The Second Gulf War M.C. group of seven to Colour Sergeant D.Perfect, Princess of Wales's Royal Regi
Lot 116
The Second Gulf War M.C. group of seven to Colour Sergeant D.Perfect, Princess of Wales's Royal Regiment, late Royal Tank Regiment,
Sold for £58,750 (US$ 99,804) inc. premium
Auction Details
The Second Gulf War M.C. group of seven to Colour Sergeant D.Perfect, Princess of Wales's Royal Regi
Lot Details
The Second Gulf War M.C. group of seven to Colour Sergeant D.Perfect, Princess of Wales's Royal Regiment, late Royal Tank Regiment,
Military Cross, E.II.R., engraved on reverse (24877664 Sgt DAH Perfect PWRR), and engraved on lower limb (2005); Campaign Service 1962, one bar, Northern Ireland (24877664 Tpr D A H Perfect RTR); United Nations Medal for Cyprus; Nato Medal, with bar Kosovo; Iraq 2003 (24877664 Sgt D A H Perfect PWRR); Jubilee 2003; Army Long Service and Good Conduct, E.II.R. (24877664 Sgt D A H Perfect MC PWRR). Court mounted as worn. Light contact marks to the second, otherwise extremely fine. (7)

Footnotes

  • M.C. London Gazette 18.3.2005.

    Sergeant Perfect is employed as a Rifle Platoon Sergeant and Warrior Commander in C Company, The 1st Battalion The Princess of Wales's Royal Regiment deployed to Al Amarah, Southern Iraq for the duation of Op TELIC IV.
    Sergeant Prefect has commanded his multiple in numerous contacts throughout the deployment with quiet, unassuming professionalism.
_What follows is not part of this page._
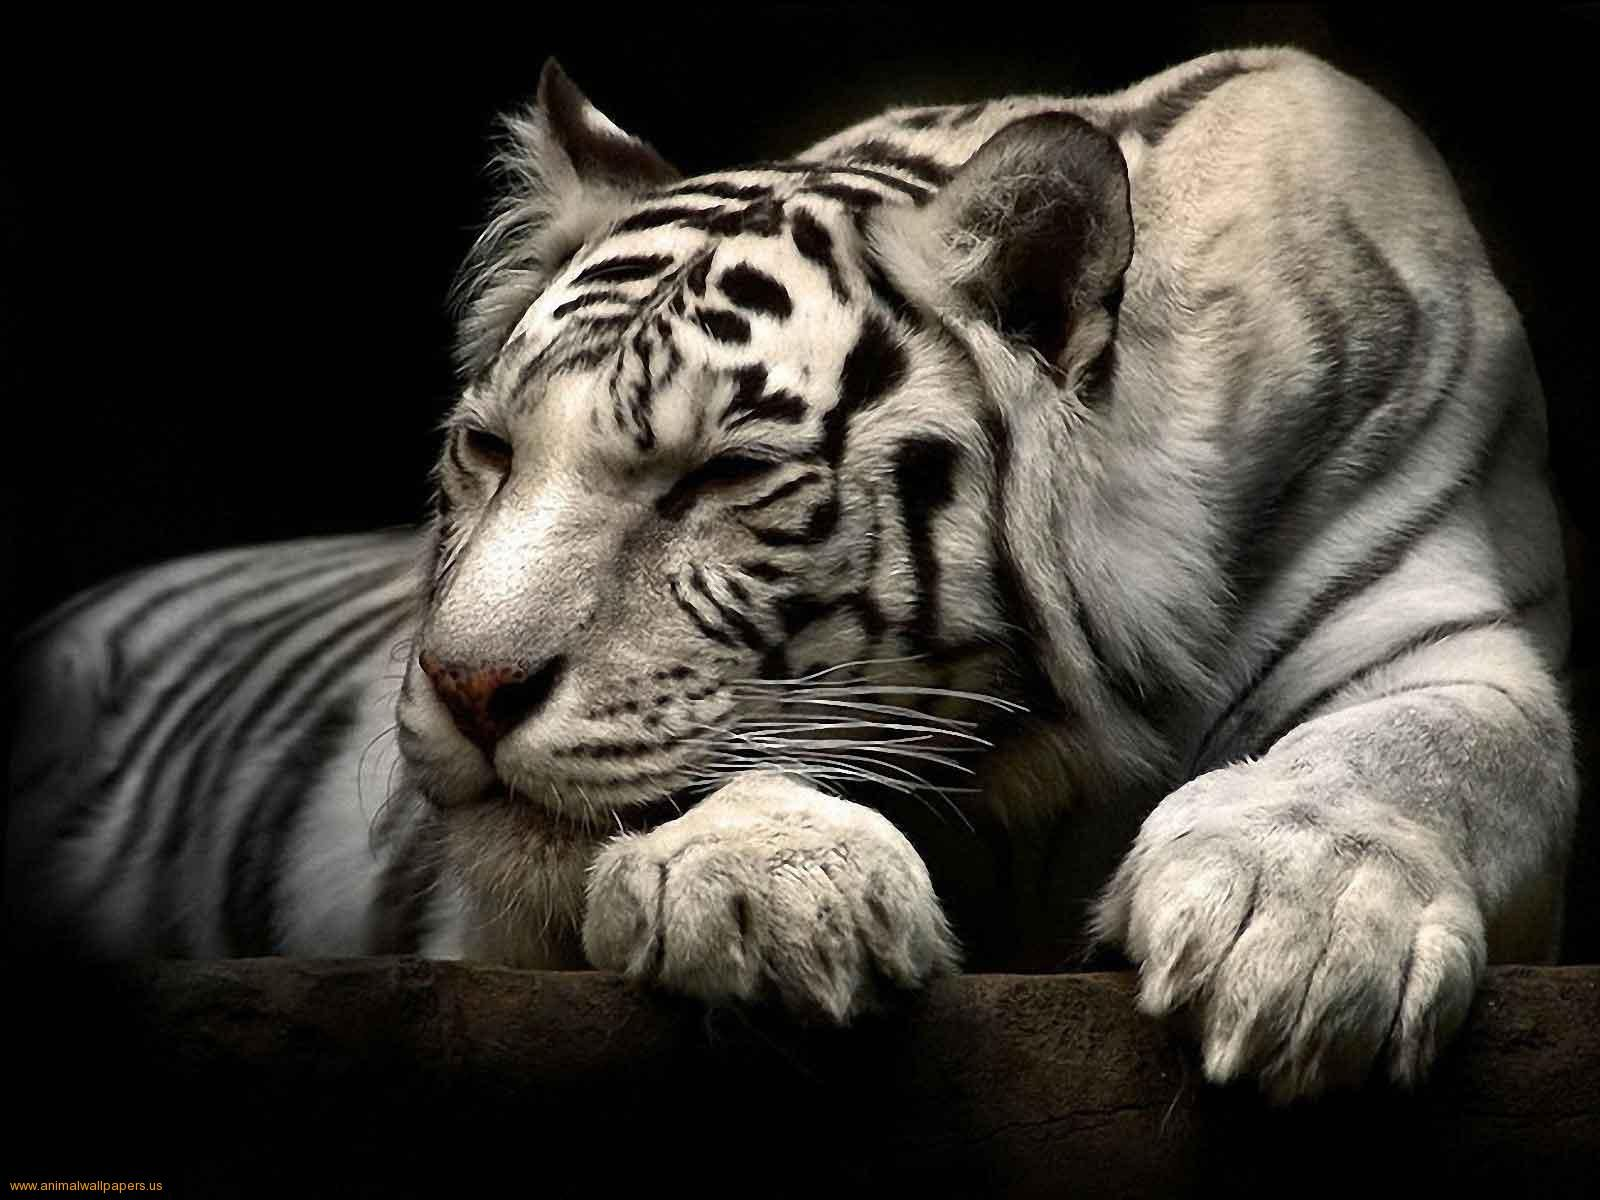 7 best white tiger images on pinterest | bengal tiger, tiger tiger

On the 14th May 2004 his platoon was scrambled to the assistance of a light roled patrol that had been ambushed near the Danny Boy permanent vehicle check point near the hostile town of Majar-Al-Kabir. Sergeant Perfect's two Warriors were the first to arrive on the scene but were also ambushed on arrival. The vehicle weapon systems failed and so Sergeant Perfect began to engage with his rifle from the turret, despite the exposed position that this required of him and the heavy incoming fire. He ordered the dismounted troops in the back of the Warrior to open the top mortar hatches to assist. The Warrior was hit by a rocket propelled grenade, which knocked onre of the troops in the back unconscious. The other closed down the hatches and began to administer first aid.
    At this stage it became apparent that the vehicle was on fire; the dismounts fought the fire but the fumes from the extinguisher began to intoxicate them. They were struggling to reopen the top hatches to get air and so Sergeant Perfect climbed out of the turret, still under heavy accurate fire which was hitting the sides of the Warrior, to put his weight on the top to allow the catches to disengage. Once he was happy that the crew were fit to continue he returned to his turret, taking a light machine gun with him.
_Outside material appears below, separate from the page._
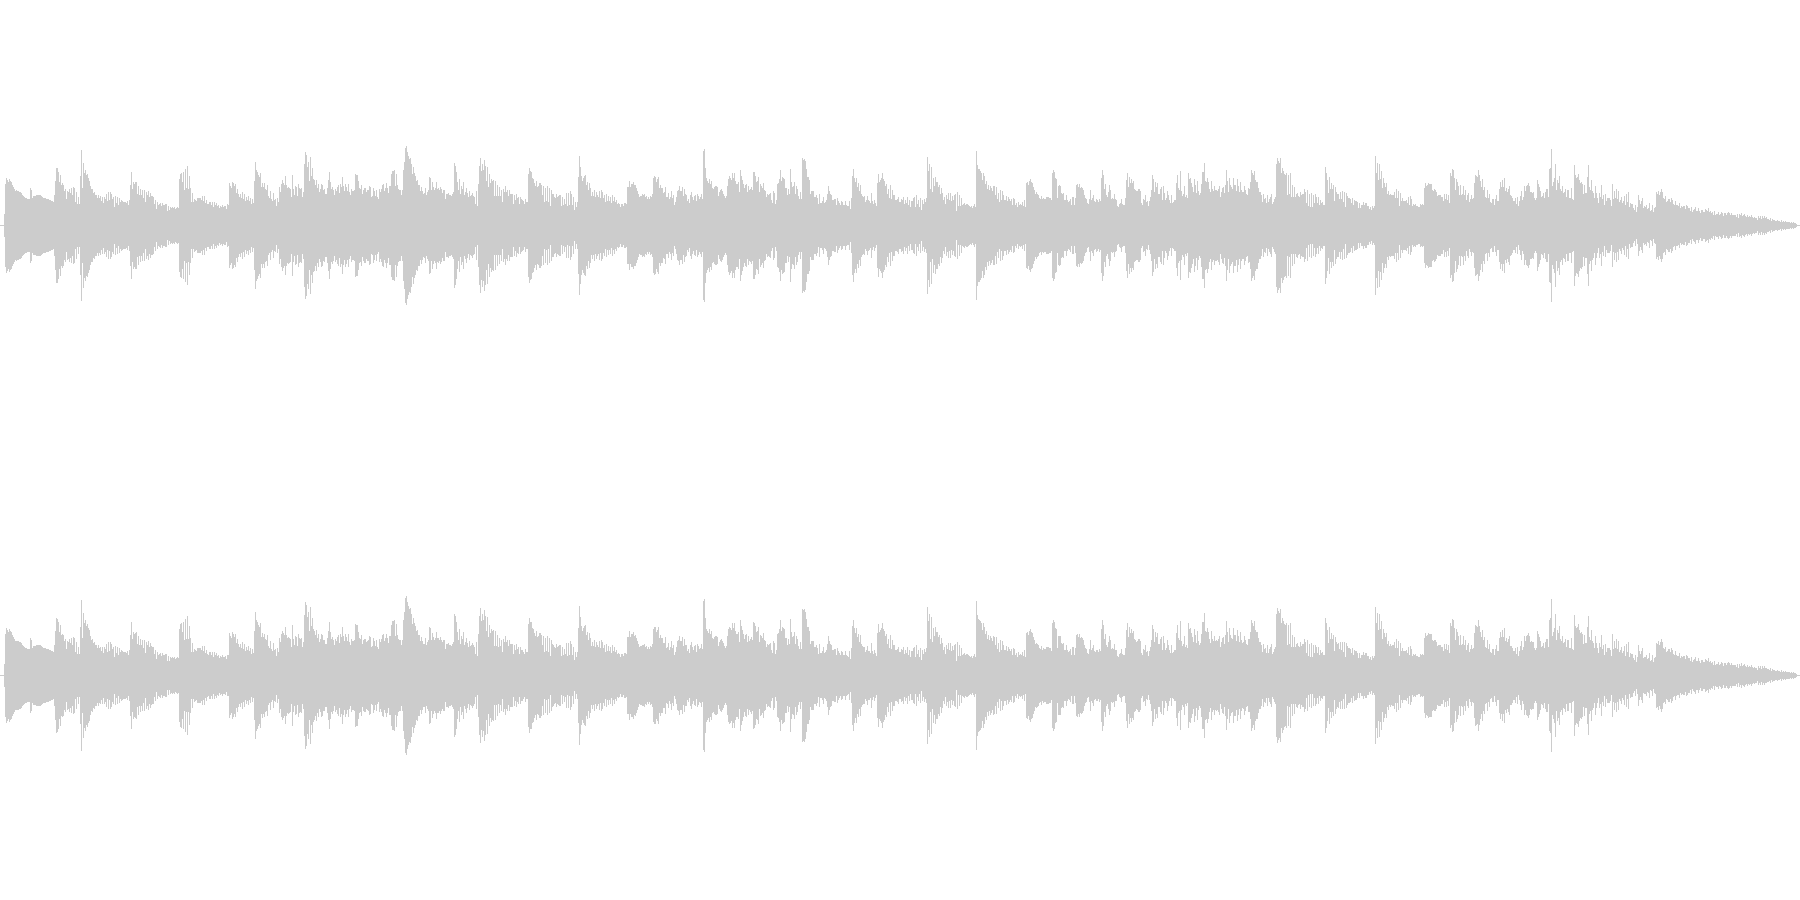 アラーム音-1 15秒の未再生の波形

    Sergeant Perfect located the light patrol south of the checkpoint and fought his way through to assist, destroying a number of enemy positions on route. Sergeant Perfect then ordered the vehicle forward to where he could see friendly troops assaulting an enemy position. Providing fire support from the top of the turret with the light machine gun, he assisted with the assault before moving forward to collect a friendly wounded soldier and a prisoner of war. He then returned back to the check point where he re-established control of his second vehicle and a tank which had been sent to his assistance. From here he continued to supress and engage enemy positions for over an hour, opened up and exposed to considerable enemy fire with little regard for his own safety. At this stage it became apparent that his Warrior had lost forward gears and still had an unexploded projectile embedded in the side. He was ordered to withdraw and extracted his vehicle with casualty and prisoner some 18 kilometres back to the coalition force base in reverse.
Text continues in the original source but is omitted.